Current location - Education and Training Encyclopedia - Graduation thesis - How to calculate python svm in auc paper
How to calculate python svm in auc paper
Draw ROC curve in Python and calculate AUC value

order

Roc curve and AUC are usually used to evaluate binary classifiers. This article will briefly introduce ROC and AUC, and then demonstrate how python draws ROC curves and calculates AUC with examples.

Introduction to AUC

AUC (area under curve) is a very commonly used evaluation index in two kinds of models of machine learning. Compared with F 1-Score, AUC is more tolerant of project imbalance. At present, common machine learning libraries (such as scikit-learn) generally integrate the calculation of this index, but sometimes the model is independent or written by itself. At this time, if you want to evaluate the training model, you have to build an auc calculation module yourself. This paper finds that libsvm-tools has a very easy-to-understand AUC calculation when querying information, so it is selected for future use.

AUC calculation

The calculation of AUC is divided into the following three steps:

1, the preparation of calculation data, if there is only one training set in model training, cross-validation is generally used for calculation. If there is an evaluation set, it can be calculated directly. The data format is generally the forecast score and its target category (note that it is the target category, not the forecast category).

2. According to the threshold, the horizontal (X: false positive rate) and vertical (Y: true positive rate) points are obtained.

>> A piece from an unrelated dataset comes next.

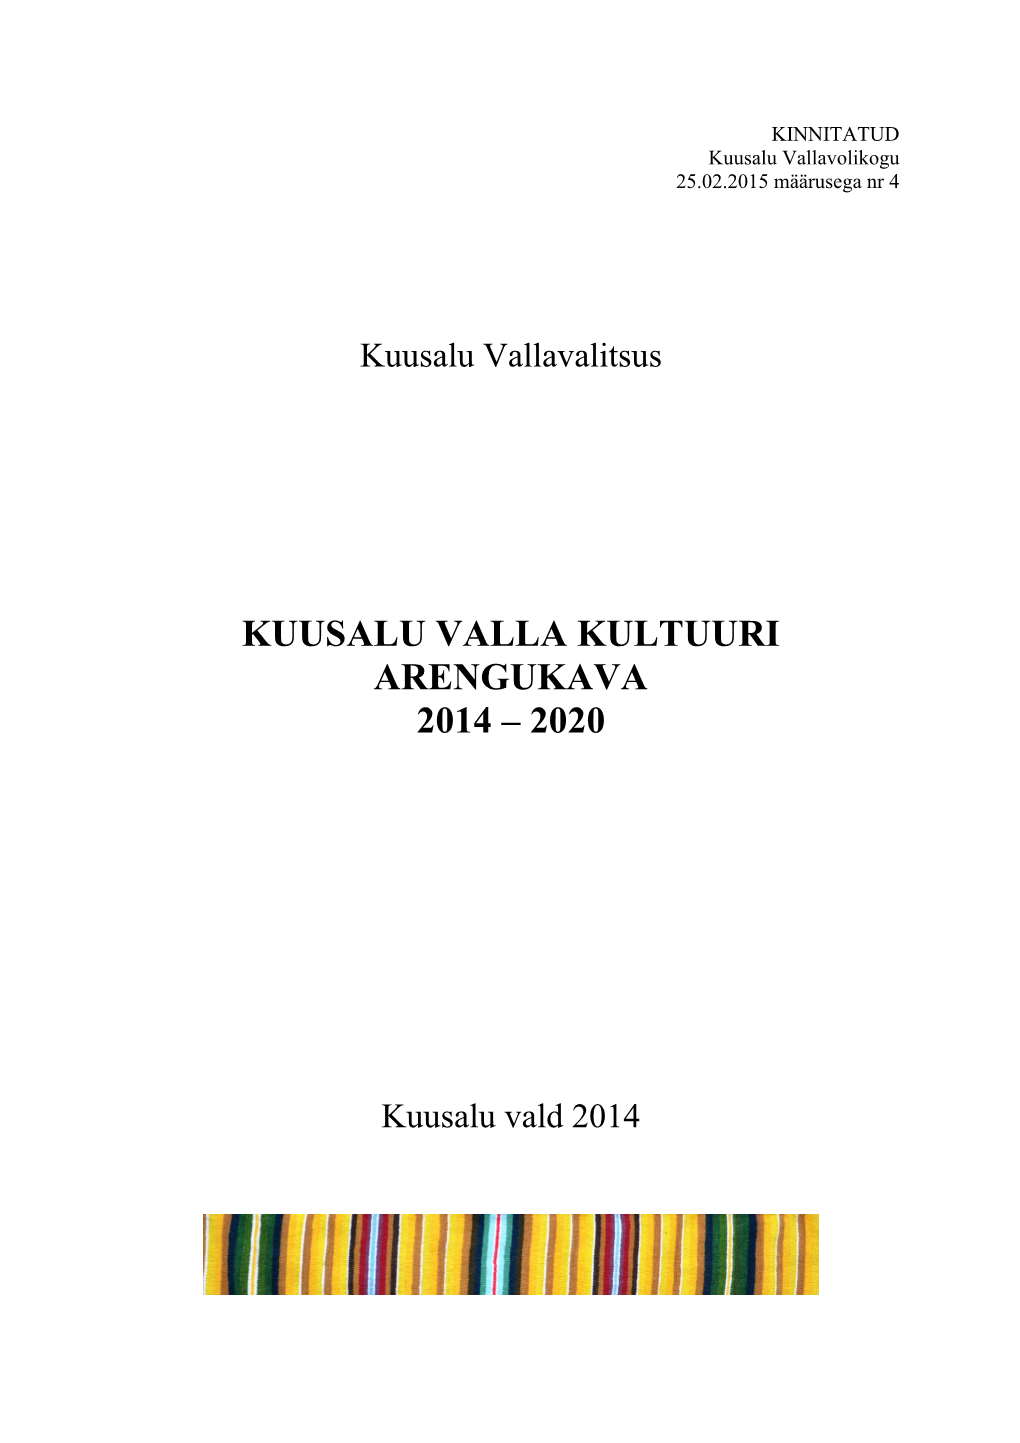 Kuusalu Valla Kultuuri Arengukava 2014 – 2020
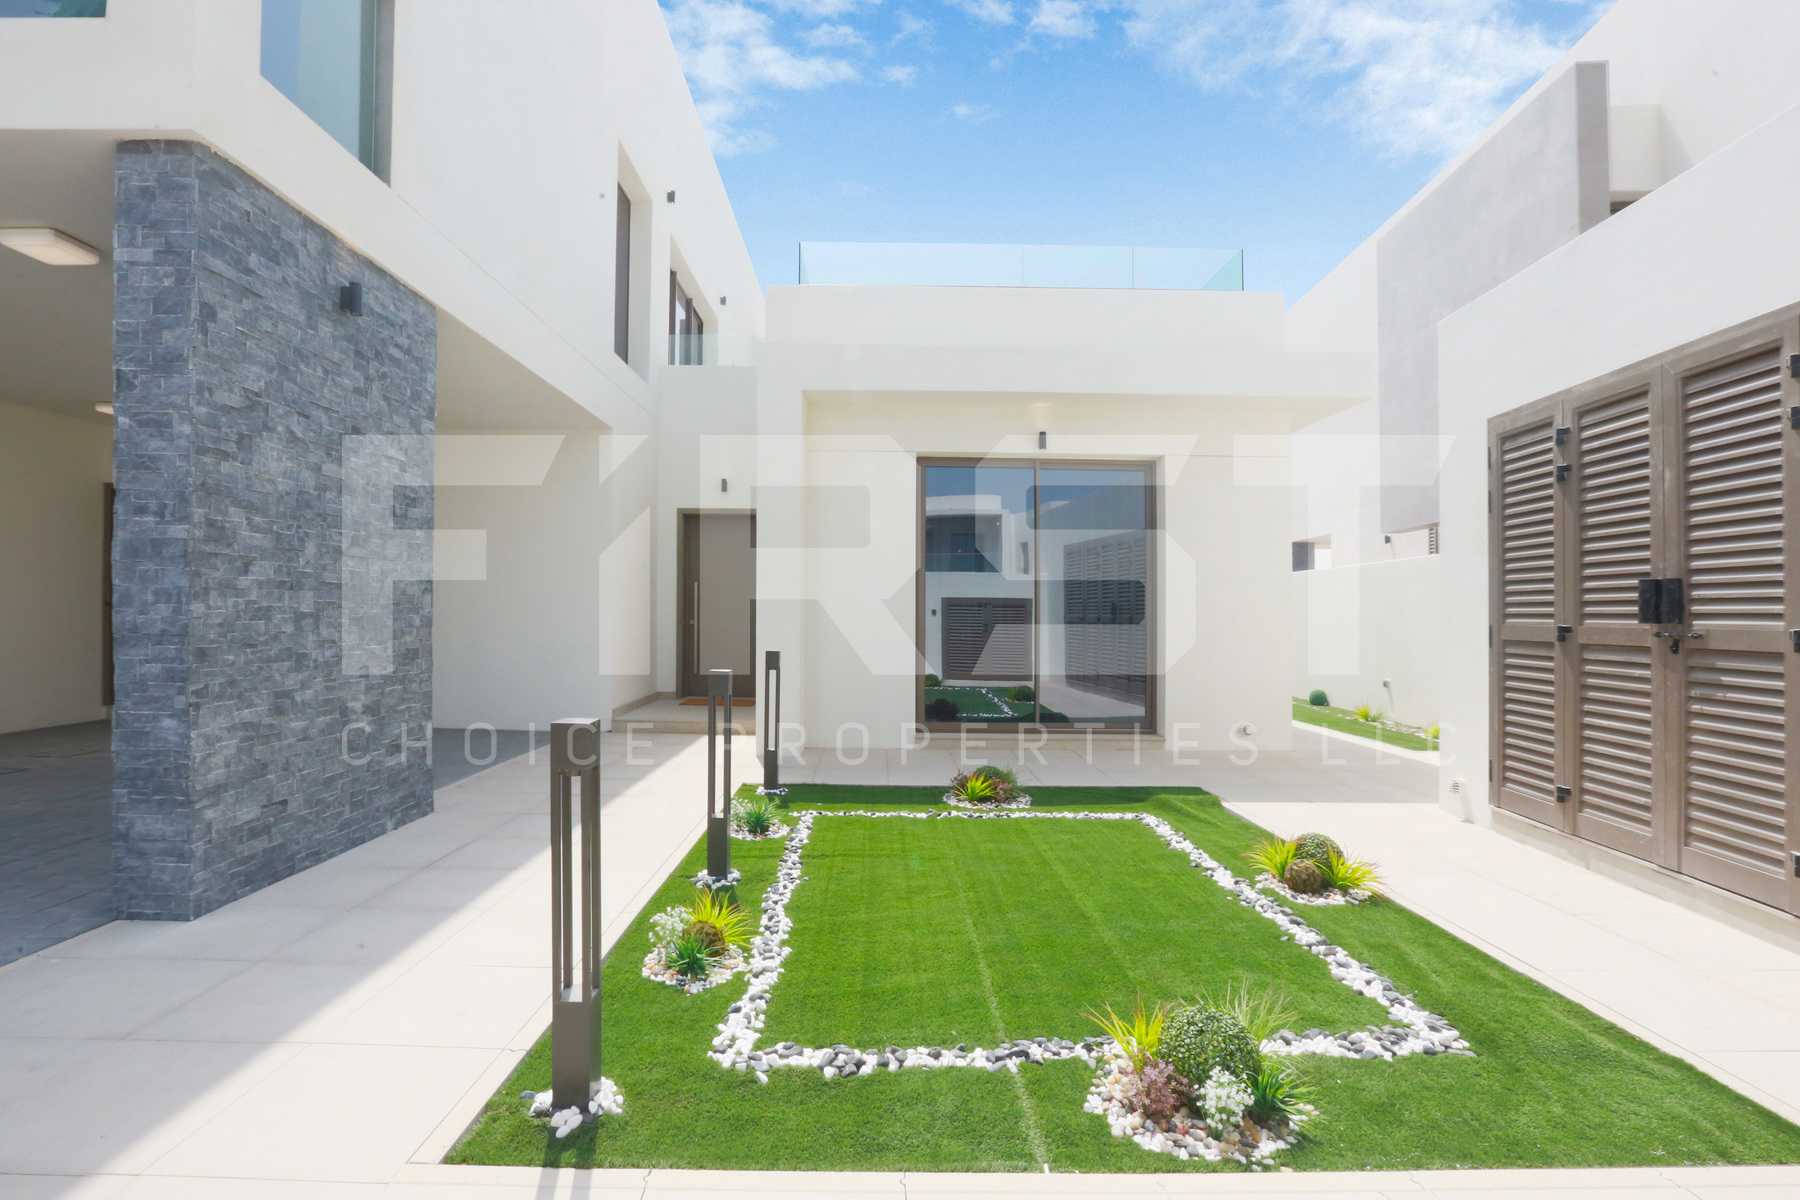 External Photo of 4 Bedroom Villa Type 4F in Yas Acres Yas Island Abu Dhabi UAE (11).jpg

3. After connecting the coordinate points into a curve, calculate the area under the curve, which is the value of AUC.

Go straight to python code

#! -*-Code =utf-8 -*-

Import pylab as pl.

Import log from mathematics, exp, sqrt

Evaluate_result= "Your file path"

db = [] #[score,nonclk,clk]

Positive and negative = 0,0

Use open(evaluate_result,' r') as fs:

For lines in fs:

nonclk,clk,score = line.strip()。 Split ('\t')

nonclk = int(nonclk)

clk = int(clk)

Fraction = floating point (fraction)

db.append([score,nonclk,clk])

pos += clk

Negative+= not clocked.

db = sorted(db,key=lambda x:x[0],reverse=True)

# Calculate ROC coordinate points

xy_arr = []

tp,fp = 0。 , 0.

For I(len(db)) in the range:

tp += db[i][2]

fp += db[i][ 1]

xy_arr.append([fp/neg,tp/pos])

# Calculate the area under the curve

auc = 0。

prev_x = 0

For x, y in xy_arr:

If x! = prev_x:

auc += (x - prev_x) * y

prev_x = x

Print "auc is% s" % AUC

x = [_v[0] for _v in xy_arr]

y = [_v[ 1] for _v in xy_arr]

PL.title ("ROC curve of% s (AUC = %.4f)"% ('svm', AUC))

Pl.xlabel ("false positive rate")

Pl.ylabel ("true positive rate")

Pl.plot(x, y)# Plot x and y with pylab.

Pl.show()# Show the drawing on the screen.

The input data set can refer to svm prediction results.

Its format is:

Non-clock \ tclock \ tfract

These include:

1, nonclick: data not clicked can be regarded as negative sample number.

2.clk: the number of clicks, which can be regarded as the number of positive samples.

3. Score: the predicted score can be used as the pre-statistics of this group of positive and negative samples to reduce the calculation of AUC.

The result of the operation is:

If pylab is not installed on this machine, you can directly mark the dependency and drawing parts.

pay attention to

The code published above:

1, only the result of binary classification can be calculated (as for the label of binary classification, you can handle it casually).

2. In the above code, each score has a threshold, but in fact, this is quite inefficient. You can sample samples or calculate horizontal axis coordinates.